[[ DATA SHOWN, beginning ]]

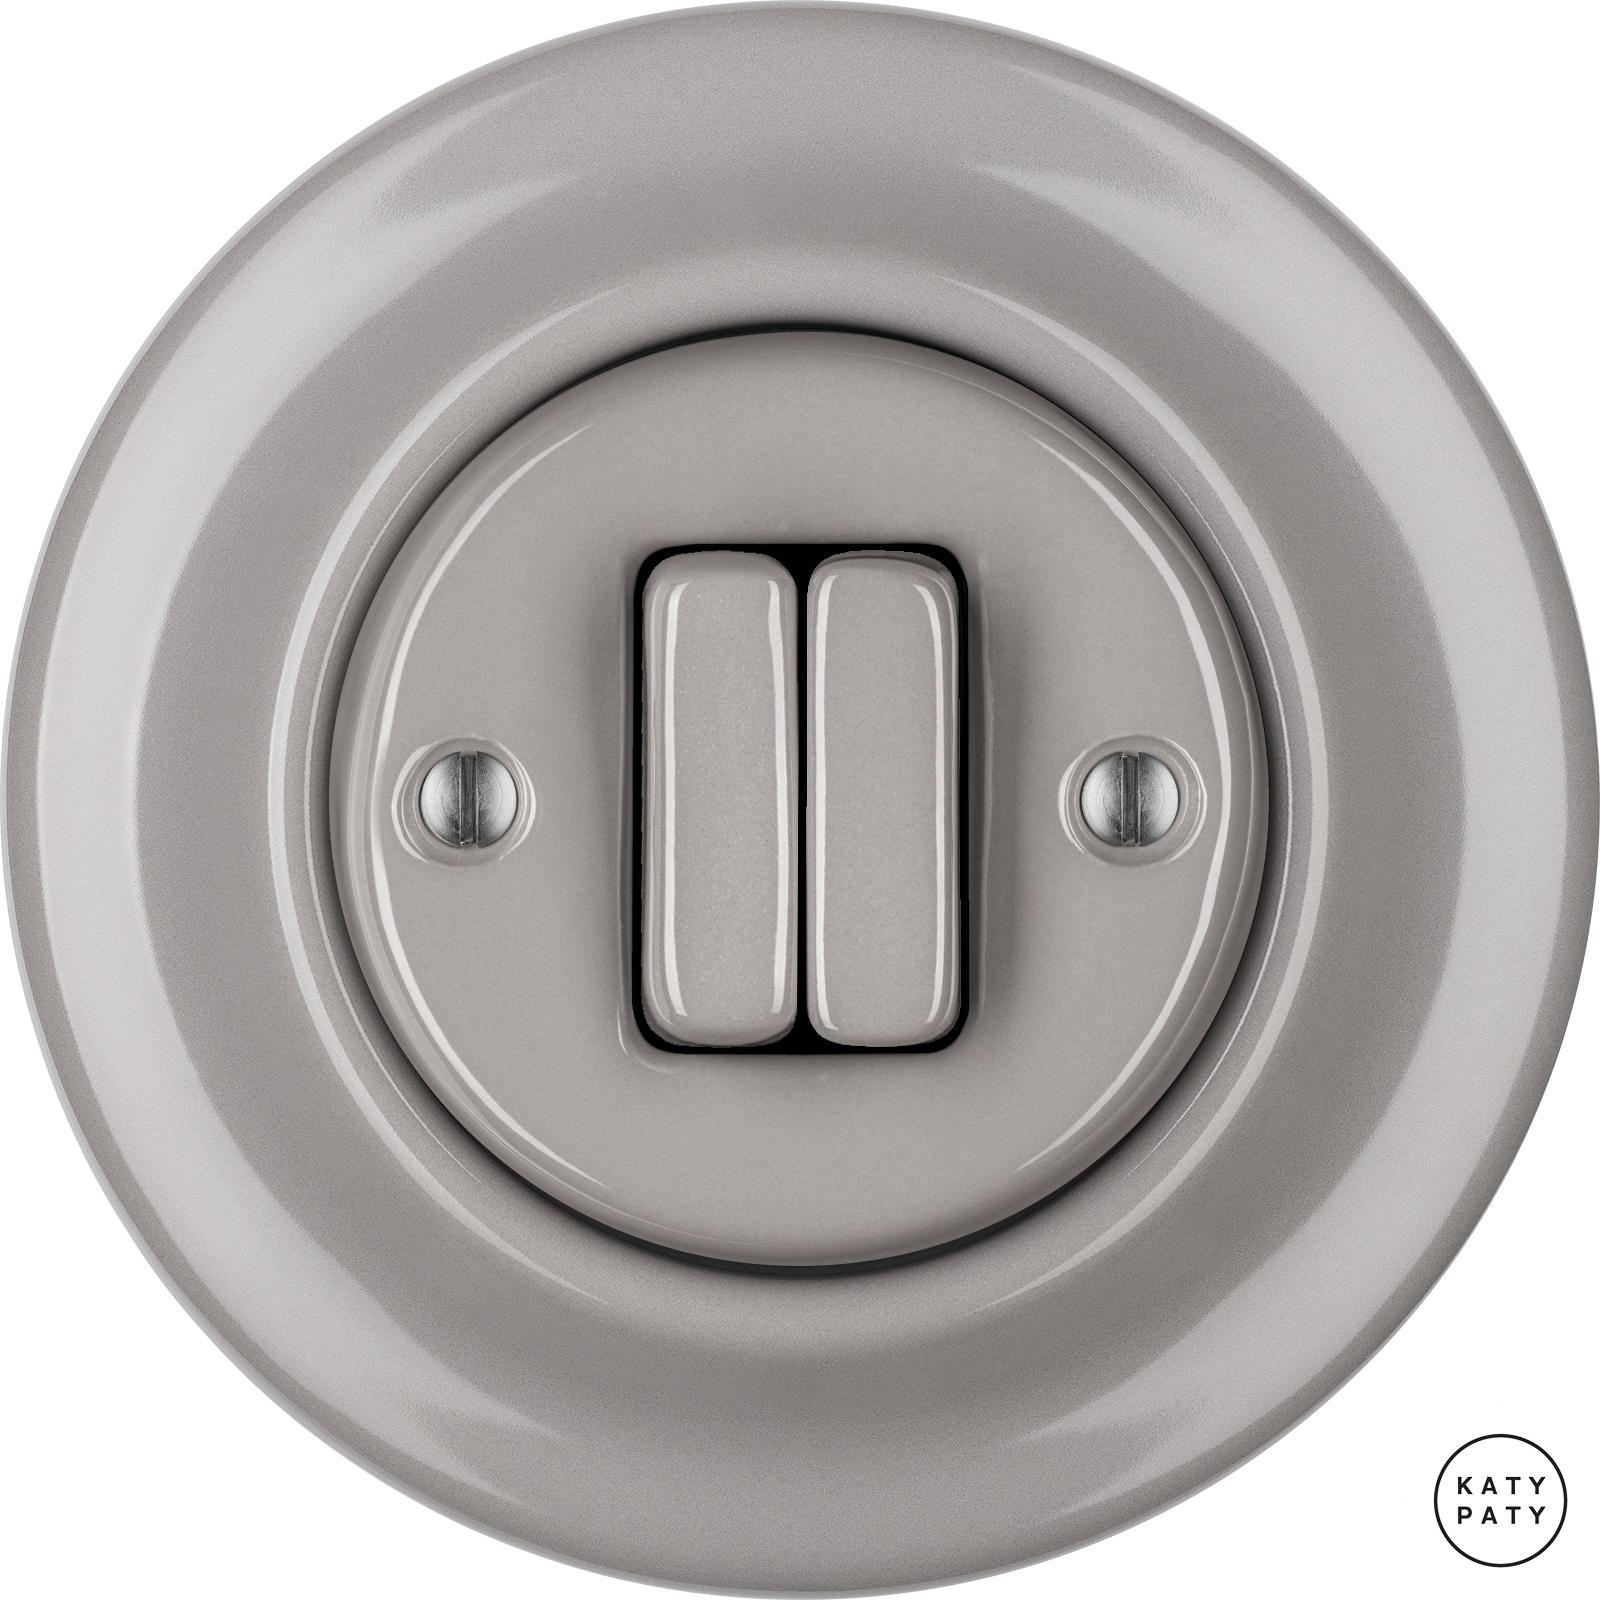 Ungewöhnlich Einpoliges Lichtschalter Diagramm Bilder - Elektrische ...
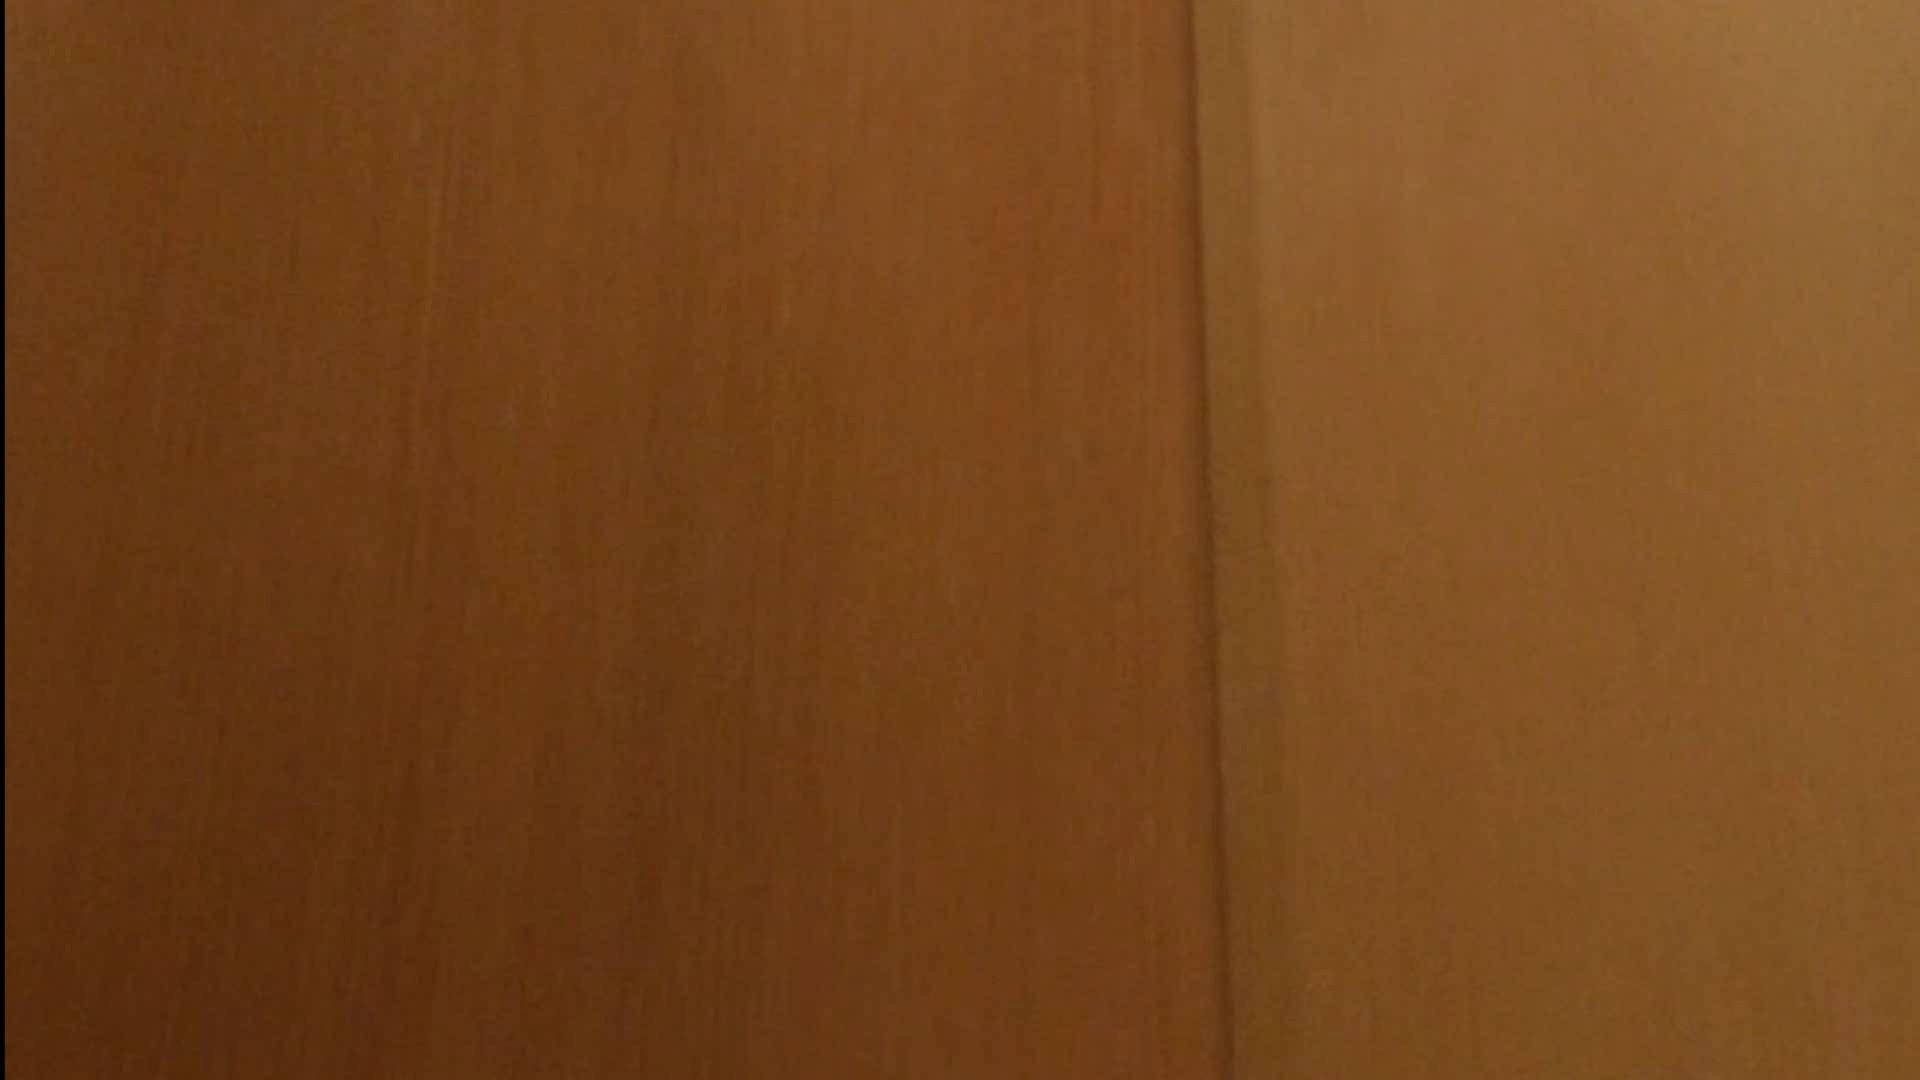 「噂」の国の厠観察日記2 Vol.04 人気シリーズ   厠の中で  10枚 3
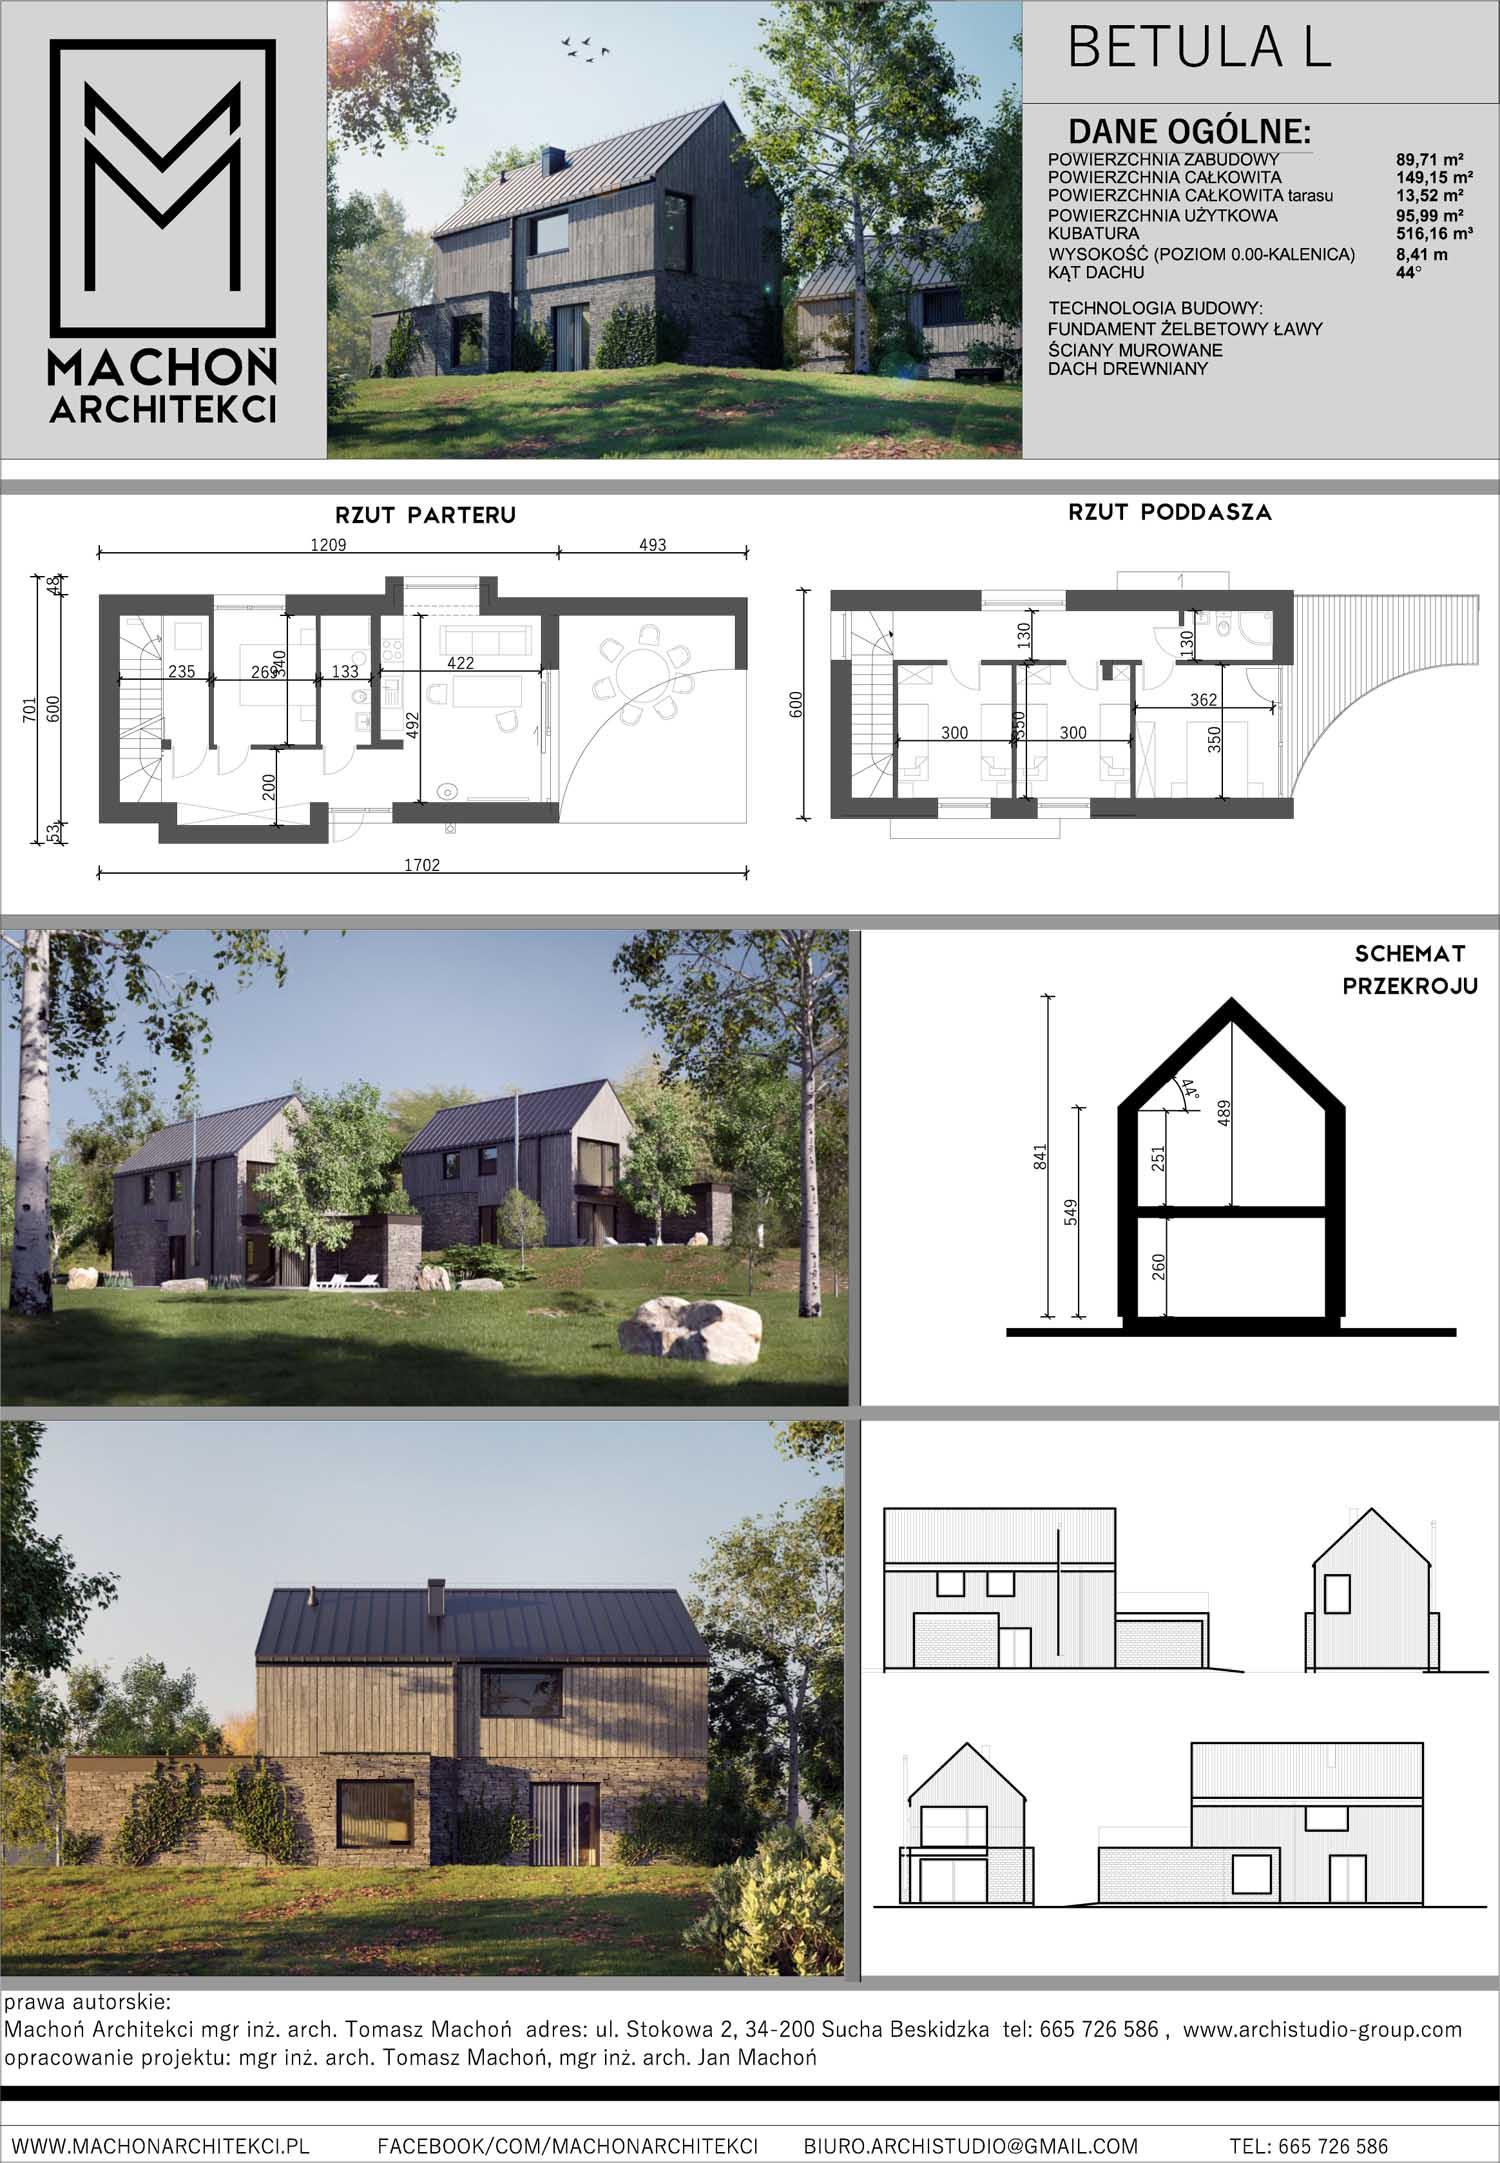 nowoczesny dom stodoła do 100m na wąską działkę w lesie w górach deska elewacyjna projekt gotowy

[[ DATA SHOWN, end ]]

Once more, give the listing above exactly, leaving each picture out.

■ EXPECTED ANSWER
 Ungewöhnlich Einpoliges Lichtschalter Diagramm Bilder - Elektrische ...
 「噂」の国の厠観察日記2 Vol.04 人気シリーズ   厠の中で  10枚 3
 nowoczesny dom stodoła do 100m na wąską działkę w lesie w górach deska elewacyjna projekt gotowy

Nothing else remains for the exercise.